#### Task material
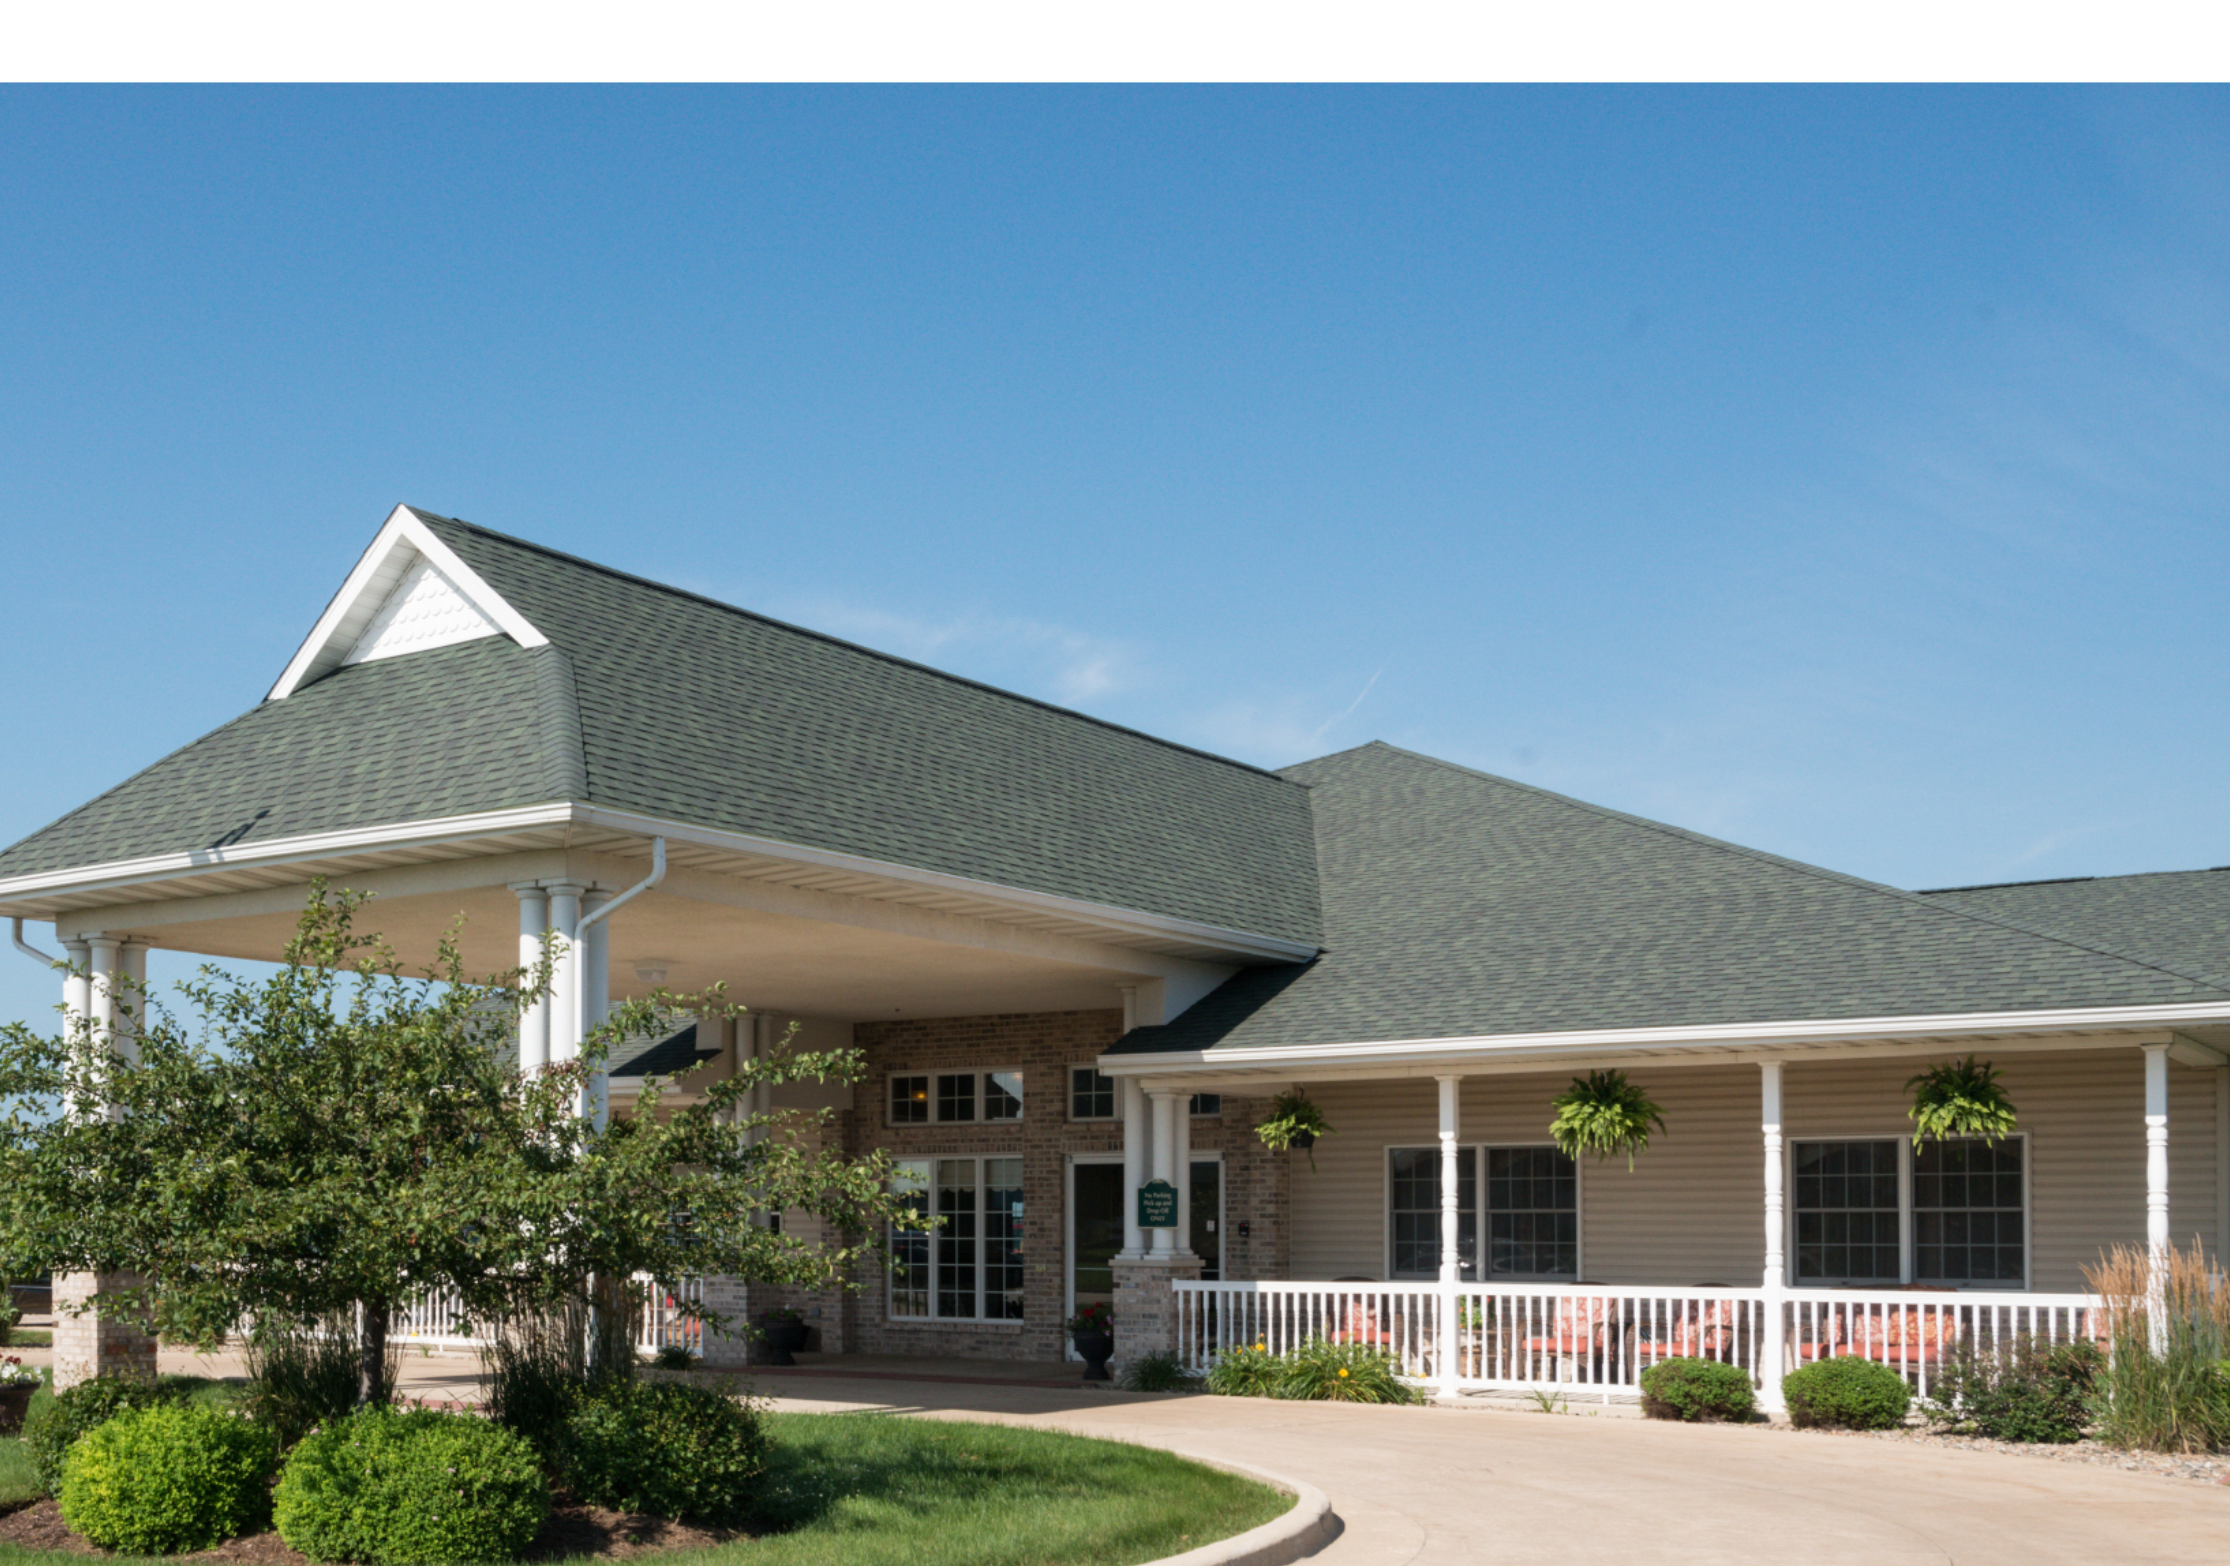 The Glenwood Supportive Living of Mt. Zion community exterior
...
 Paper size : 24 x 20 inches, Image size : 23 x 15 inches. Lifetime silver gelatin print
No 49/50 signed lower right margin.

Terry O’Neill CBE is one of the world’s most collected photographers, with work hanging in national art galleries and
--
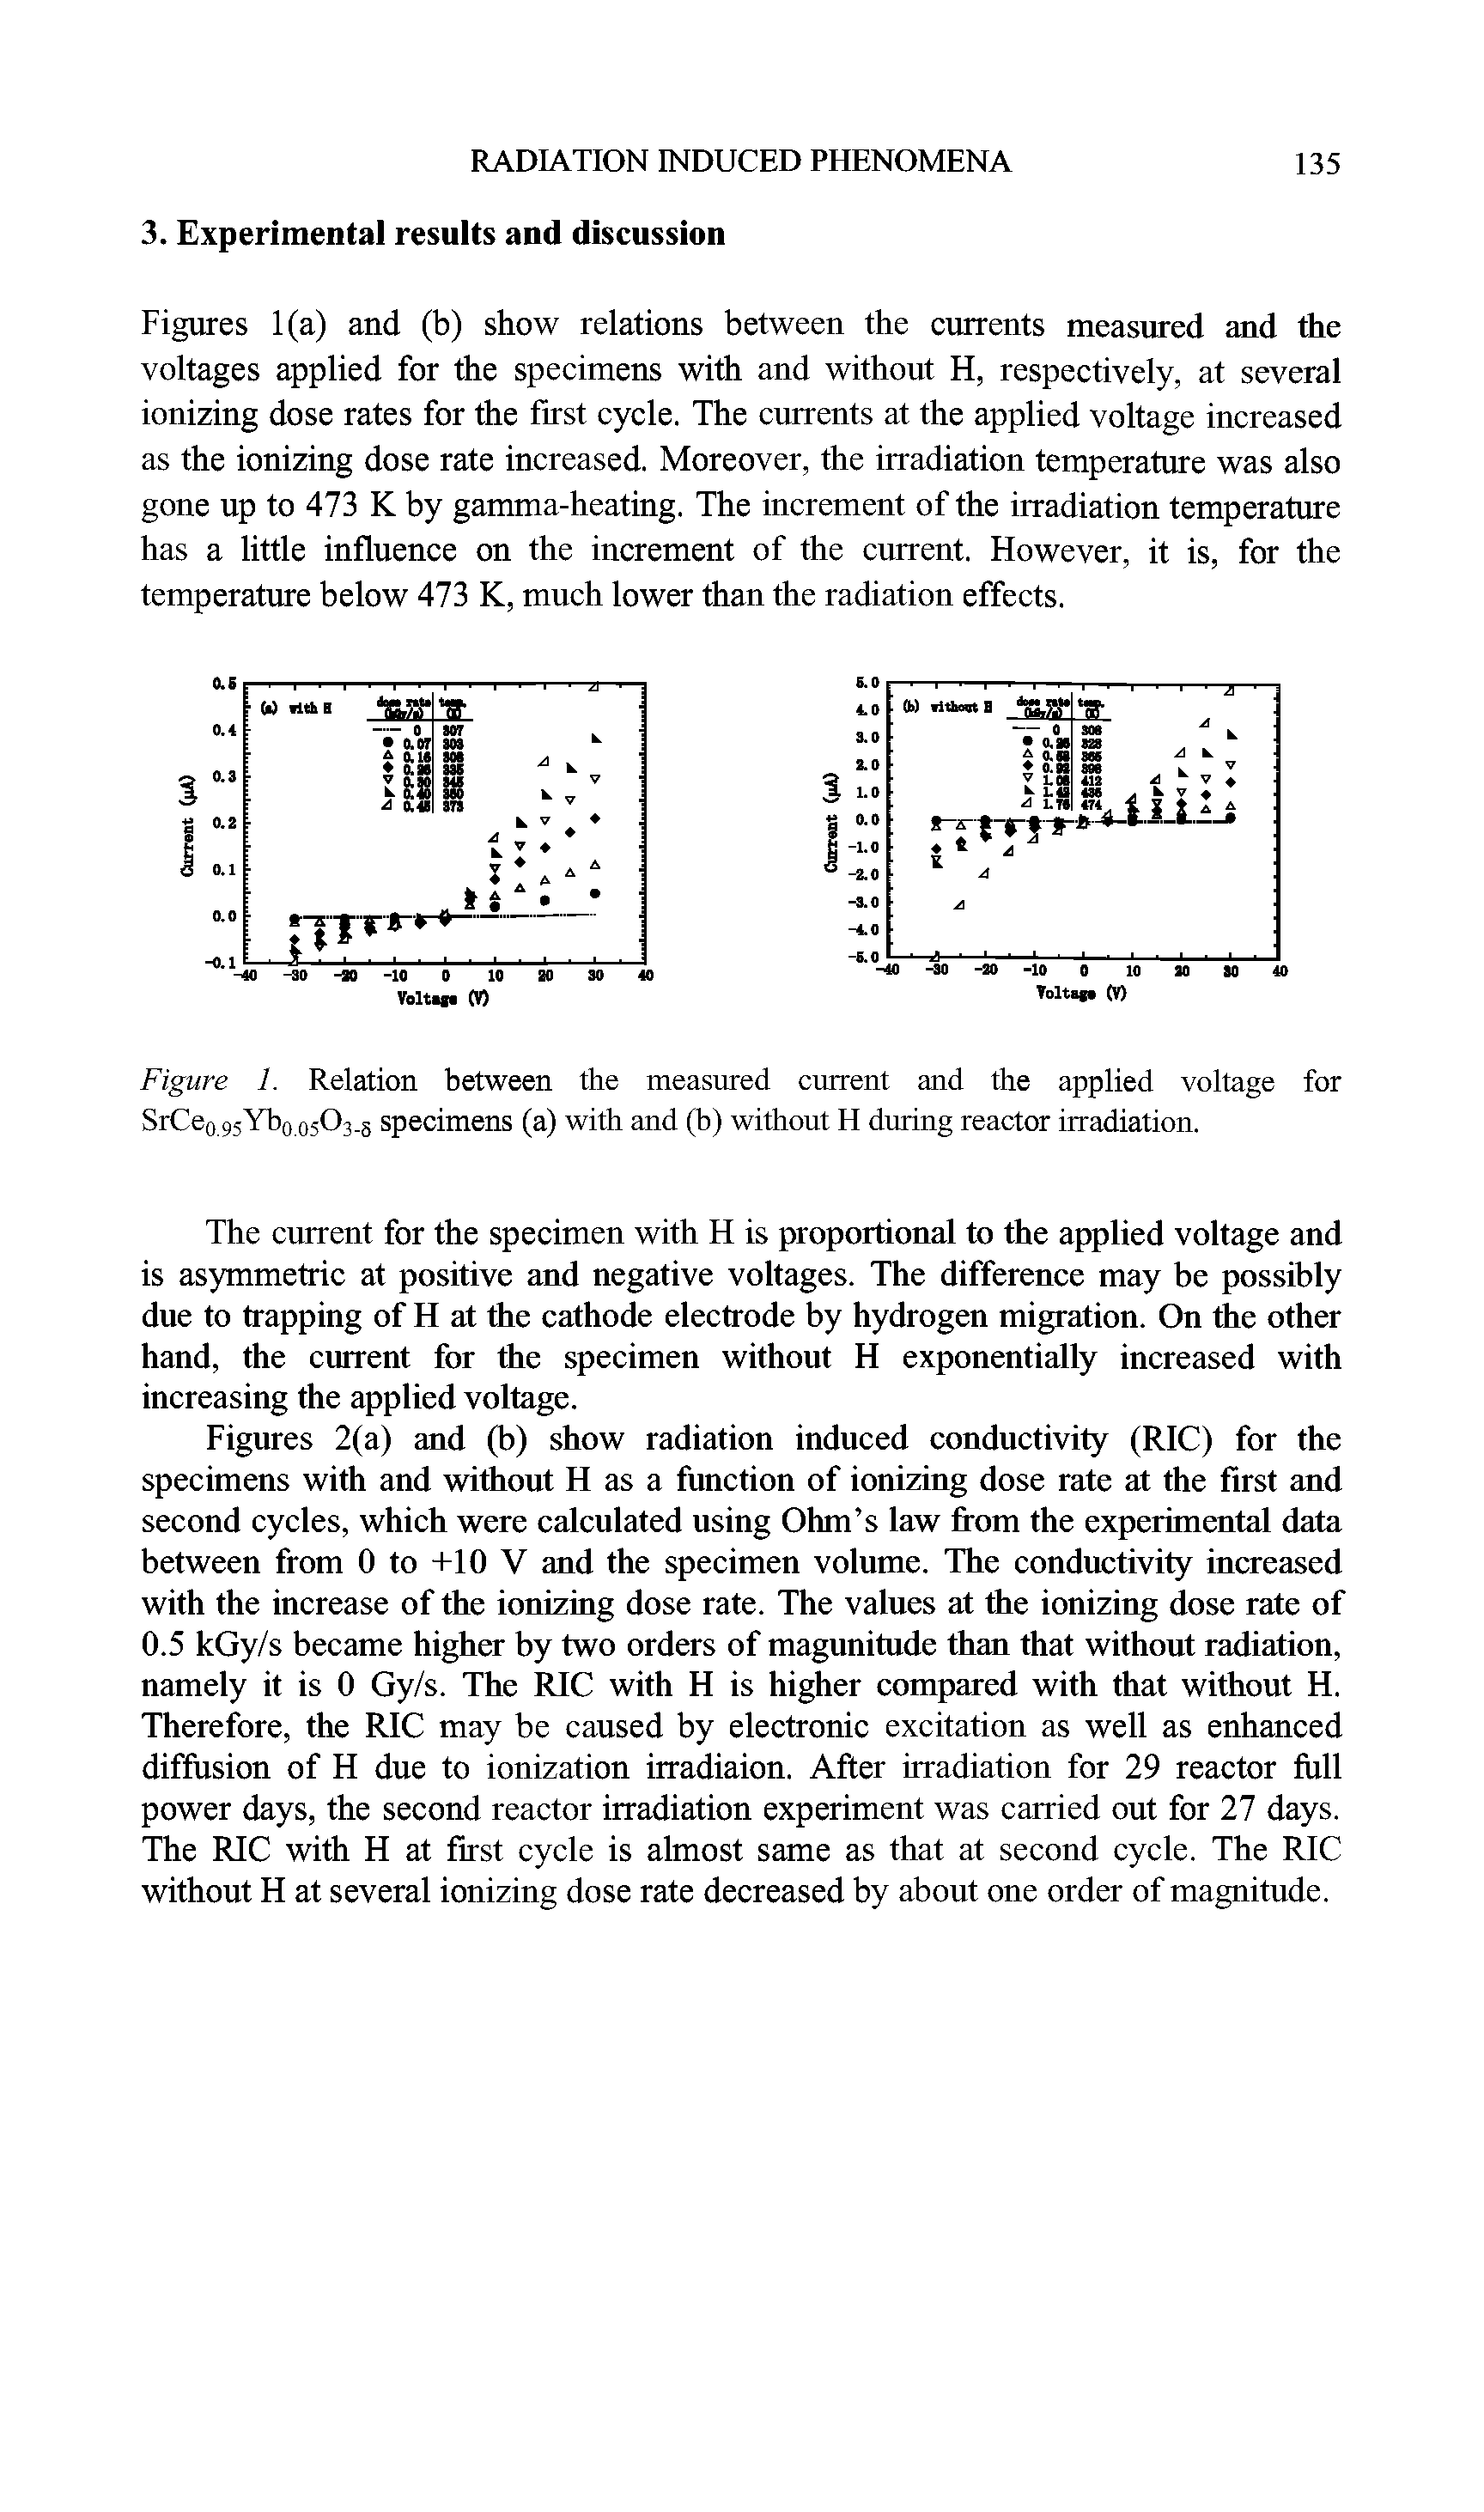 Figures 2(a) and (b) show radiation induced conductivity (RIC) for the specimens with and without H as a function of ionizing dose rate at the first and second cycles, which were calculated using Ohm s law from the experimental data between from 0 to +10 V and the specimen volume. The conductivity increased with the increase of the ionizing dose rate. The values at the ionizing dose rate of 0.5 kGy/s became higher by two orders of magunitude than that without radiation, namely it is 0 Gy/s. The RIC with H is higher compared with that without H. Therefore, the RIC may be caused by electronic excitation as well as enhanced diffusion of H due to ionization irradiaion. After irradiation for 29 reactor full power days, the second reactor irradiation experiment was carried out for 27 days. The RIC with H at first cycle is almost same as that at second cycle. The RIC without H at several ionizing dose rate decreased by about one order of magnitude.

#### Exercise details
Can you repeat, word for word, every line above from the one containing "No 49/50 signed lower right margin." down to the one containing "Terry O’Neill CBE", including both?

#### Written answer
No 49/50 signed lower right margin.

Terry O’Neill CBE is one of the world’s most collected photographers, with work hanging in national art galleries and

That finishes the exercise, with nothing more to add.